━━━━━ Given records ━━━━━
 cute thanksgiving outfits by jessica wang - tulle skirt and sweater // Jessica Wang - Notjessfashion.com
━━━━━
━━━━━ Given records ━━━━━
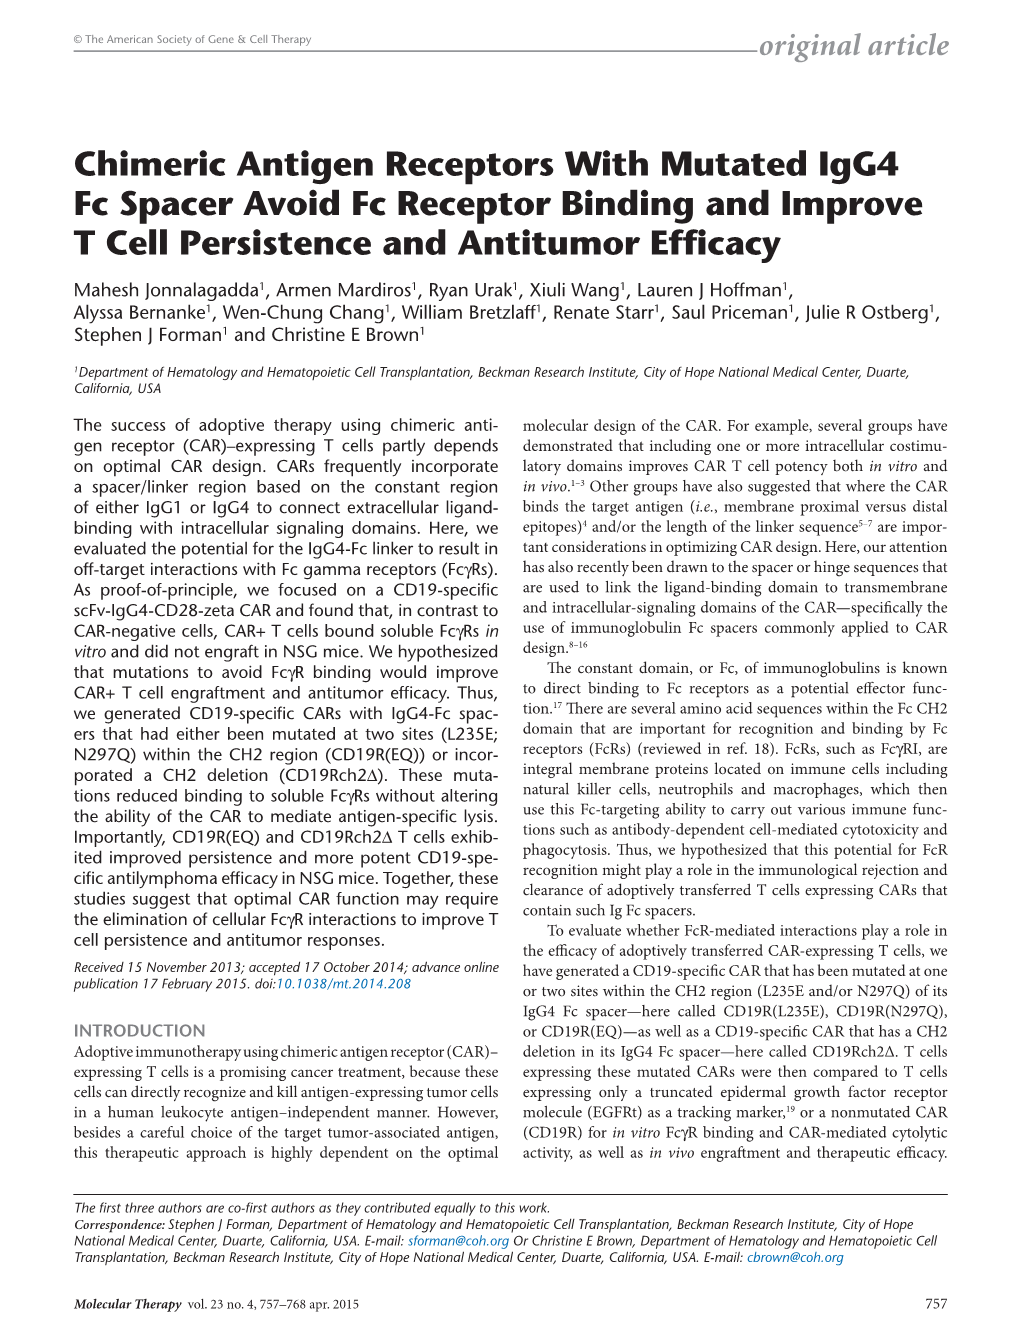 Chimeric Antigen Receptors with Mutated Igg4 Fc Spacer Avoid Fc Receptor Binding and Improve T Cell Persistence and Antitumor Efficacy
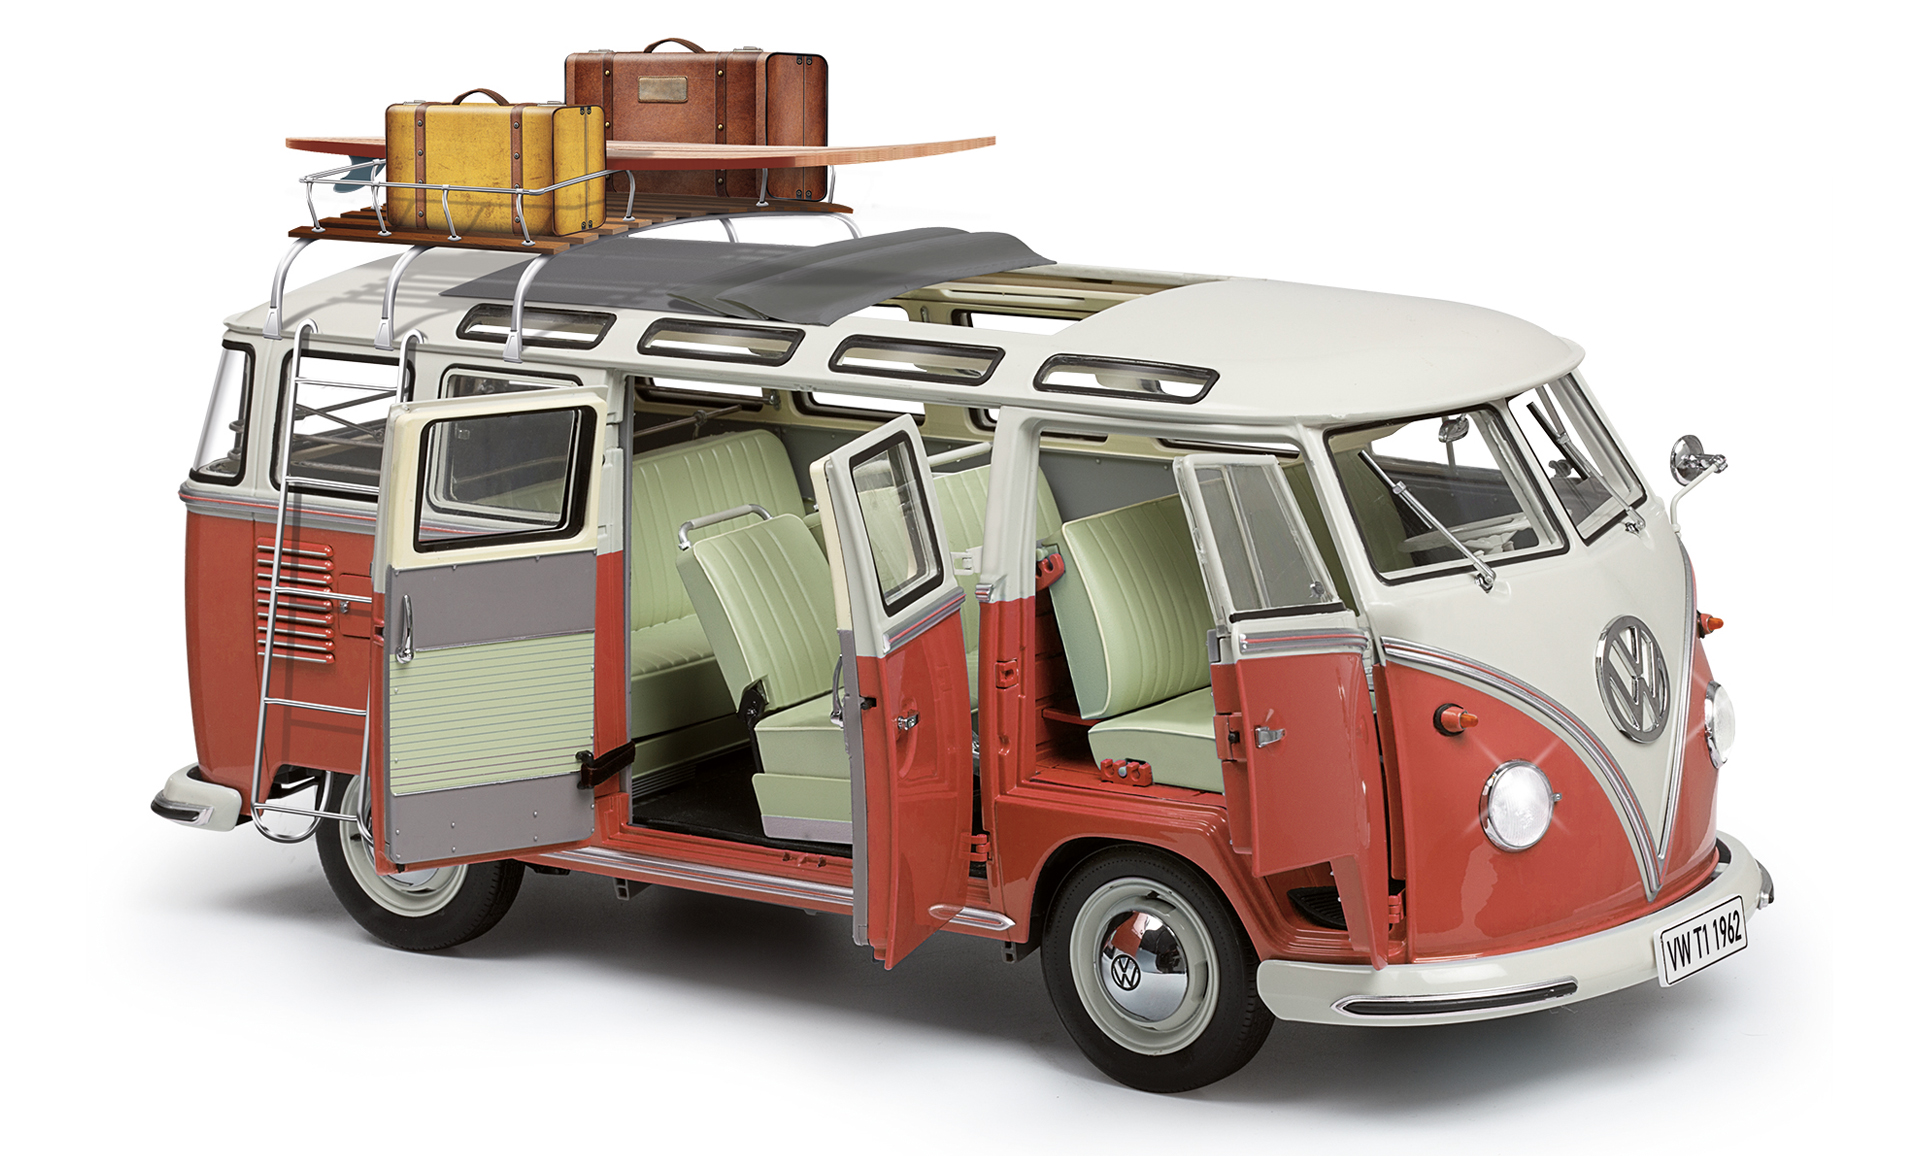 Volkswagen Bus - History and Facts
━━━━━
- [What needs to be done]: Within the material above, only the stretch from the line holding "Chimeric Antigen Receptors" through the line holding "Volkswagen Bus - History and Facts" is to be restated exactly. Pictures are dropped.

- [Answer space]:
 Chimeric Antigen Receptors with Mutated Igg4 Fc Spacer Avoid Fc Receptor Binding and Improve T Cell Persistence and Antitumor Efficacy
 Volkswagen Bus - History and Facts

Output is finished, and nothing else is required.